Plus Belle La Nuit (PBLN) est un dispositif multi-partenarial de promotion de la santé en milieux festifs commerciaux à Marseille. La structure fédère les compétences du réseau marseillais en matière de réduction et de prévention des risques. L’association Bus 31/32 en assure la maîtrise d’oeuvre et d’ouvrage depuis 2013, lorsqu’en prévision de Marseille Provence Capitale de la Culture la mairie a lancé un appel. Elle reçoit donc ses subsides des pouvoirs publics, à hauteur de 113 000 euros de budget annuel en 2016. Elle fonctionne avec quelques salariés aux postes clés, deux volontaires en service civique aidés d’une quinzaine de bénévoles actifs et d'”opérateurs” provenant de diverses structures comme le Tipi ou Asud. Une nouvelle étape a été franchie lundi 16 mai, lorsque PBLN a signé à l’hôtel de ville la mise en place du label éponyme. Ce label sera délivrable aux professionnels de la nuit qui respecteront des normes de RDR, par exemple celle de distribuer de l’eau gratuitement.

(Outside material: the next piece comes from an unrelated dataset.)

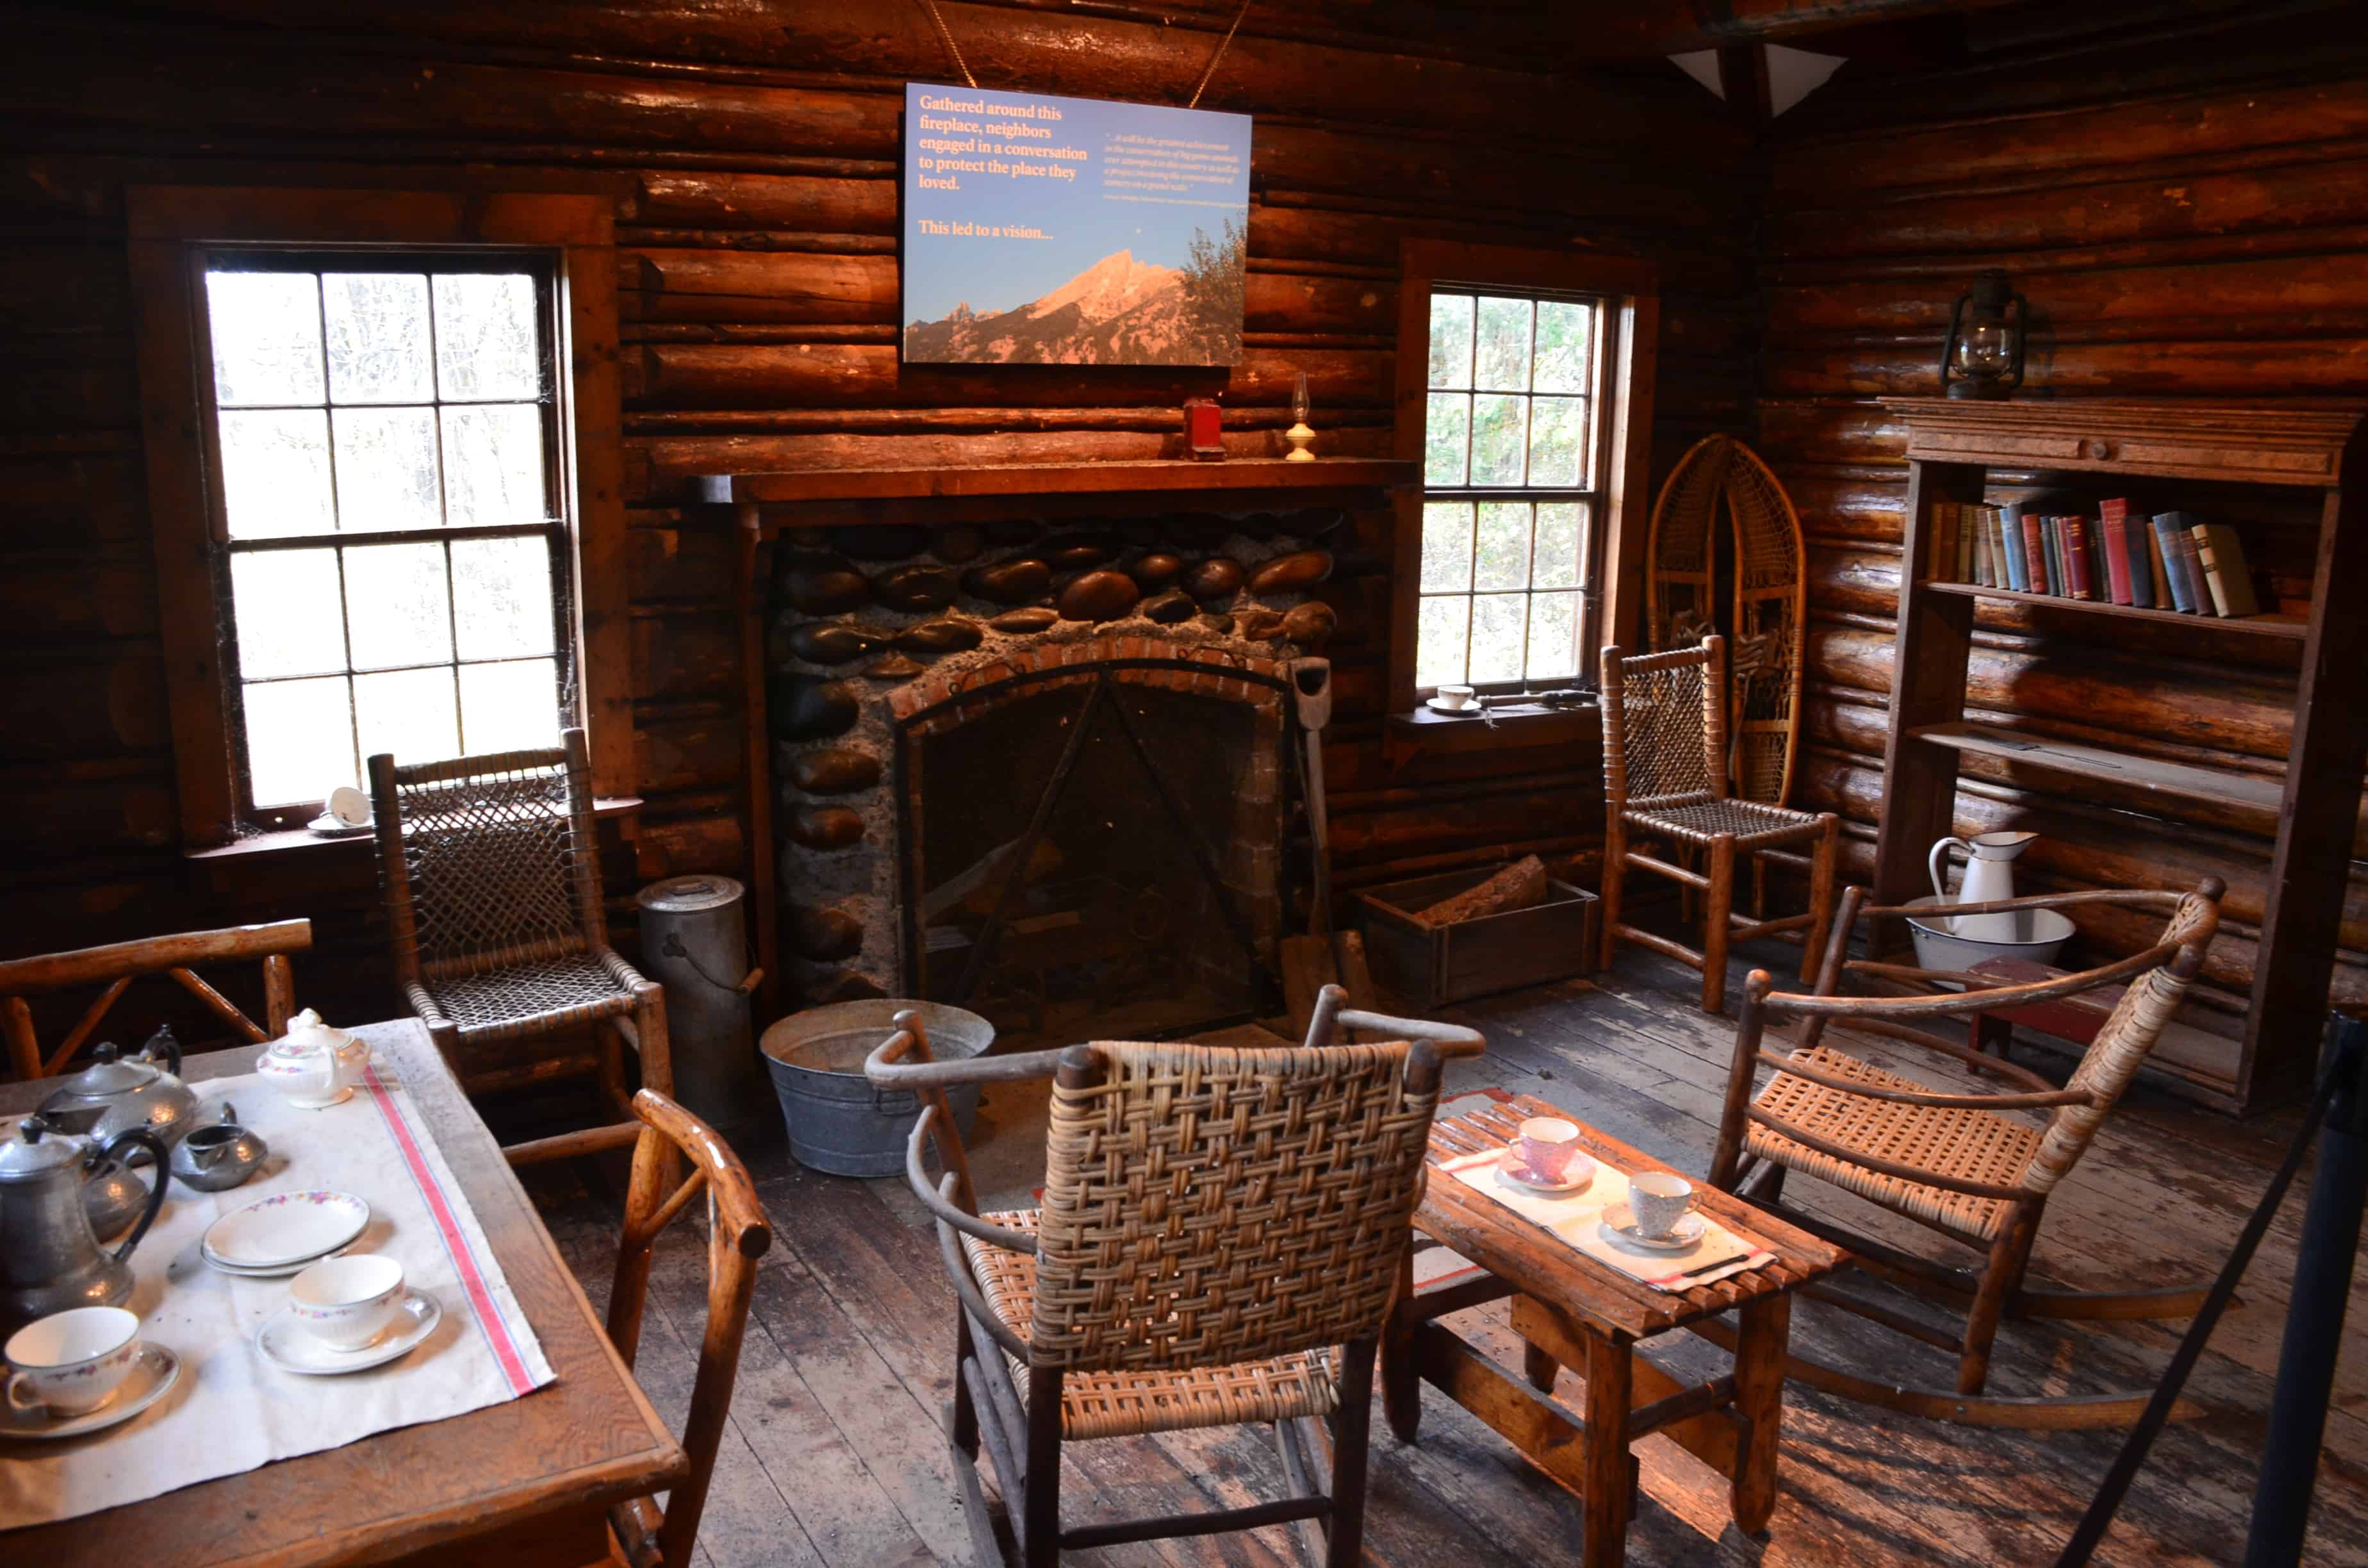 Maude Noble Cabin at Menor's Ferry Historic District in Grand Teton National Park, Wyoming

Pour Claudia c’est une soirée particulièrement “calme“. En service civique à PBLN et coordinatrice de cette intervention, cette animatrice expérimentée explique que les consommateurs, ce soir, sont “discrets“. Sur l’ensemble de la nuit les bénévoles n’auront d’ailleurs pas à délivrer de premiers secours “par carences“, c’est-à-dire en l’attente des secouristes. Pas de perte de conscience, un léger bad dans les toilettes tout au plus…
Deux jeunes femmes d’une trentaine d’années sont pour l’instant penchées sur le stand. Elles examinent un kit “roule-ta-paille”, qui permet d’éviter que plusieurs usagers ne sniffent avec la même paille. Les affections transmissibles par le sang peuvent en effet être communiquées à d’autres personnes en passant dans les vaisseaux sanguins du nez, ce que peu de gens savent.
L’une des deux, Chloé, manipule les kits. Elle est étonnée d’avoir encore des choses à apprendre : “Pourtant je me considère comme une personne informée. Je me rends compte maintenant que je ne le suis pas tant que ça.” Le contact passe tout de suite dans une ambiance décontractée. La discussion s’engage facilement entre les animateurs et les deux fêtardes, d’abord autour du kit “roule-ta-paille”, avant de dériver très vite sur la prévention, ou sur le principe de réduction des risques et d’information “objective et non-jugeante“, le credo de PBLN.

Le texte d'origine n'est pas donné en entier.